Michael Lenere Jones (born November 10, 1966) is an American former professional football player in the National Football League (NFL). A native of Bridgeport, Connecticut, Jones was a three-sport star and high school all-American amassing several state championships for Warren Harding High School. He attended the University of Michigan on a football and baseball scholarship. While at Harding he played football, basketball and baseball winning 9 total state championships and was a high school All-American in all three sports. He was a 4 time all state basketball, football and 2 time baseball player.

He had a tryout and was offered a contract for the NY Yankees but ultimately chose football and college. He played college football for the 1985 Michigan Wolverines football team as a backup quarterback behind Jim Harbaugh. With Harbaugh securely entrenched in the starting quarterback spot, Jones transferred to Sacramento City Junior College, after one year at Michigan. While at Sacramento City College, he was a two-time All-America, catching 46 passes for 543 yards and 6 touchdowns in 1987. He would transfer to play college football at the tight end position for the Texas A&M Aggies football team from 1988 to 1989 where he obtained All- American honors.
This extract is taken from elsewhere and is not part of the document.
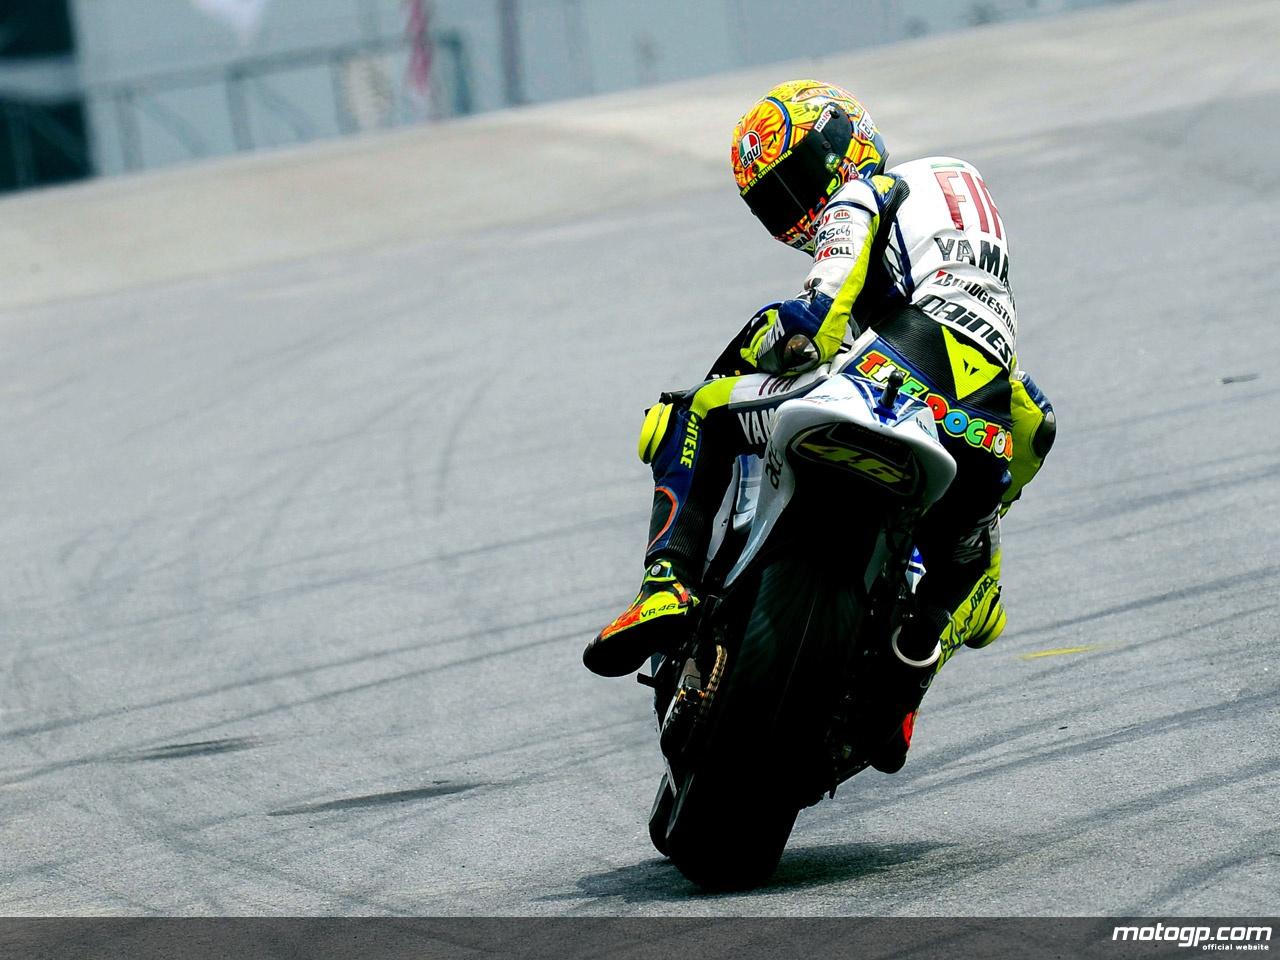 Valentino Rossi Valentino 1280x960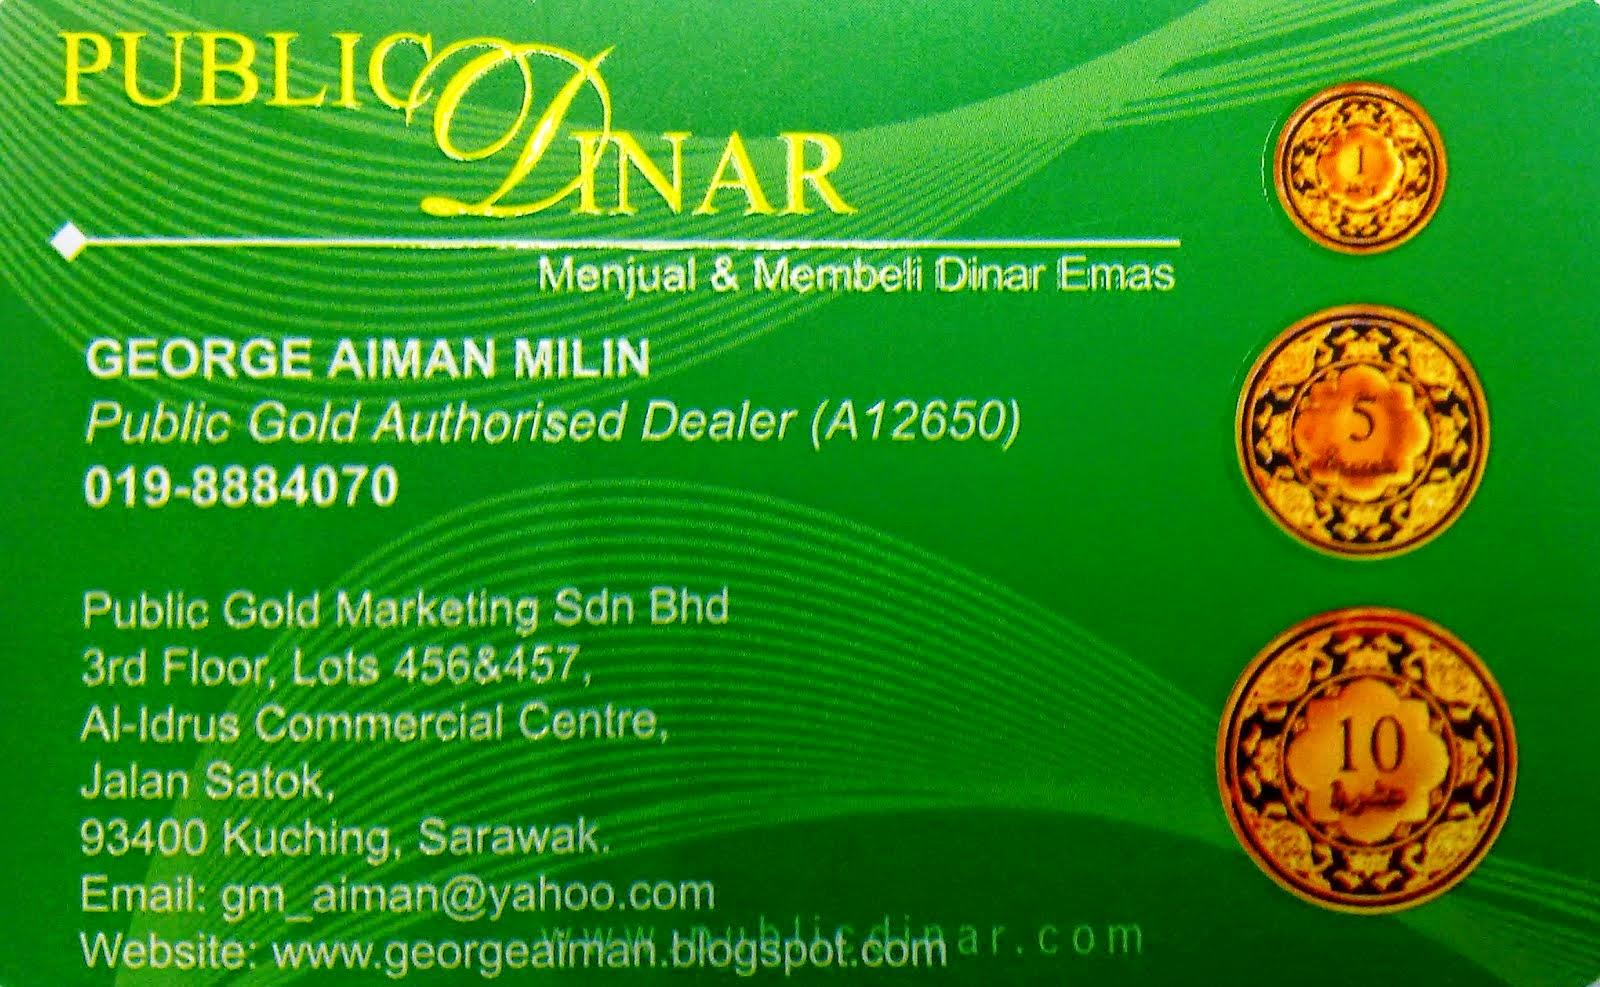 Name Card PB Dinar

He was selected by the Vikings in the third round of the 1990 NFL draft. He played professional football as a tight end for the Minnesota Vikings from 1990 to 1991 and for the Seattle Seahawks in 1992. Also playing for the Indianapolis Colts. Jones has recently served as an advanced scout and assistant coach for the Minnesota Vikings as well as New England Patriots and Philadelphia Eagles.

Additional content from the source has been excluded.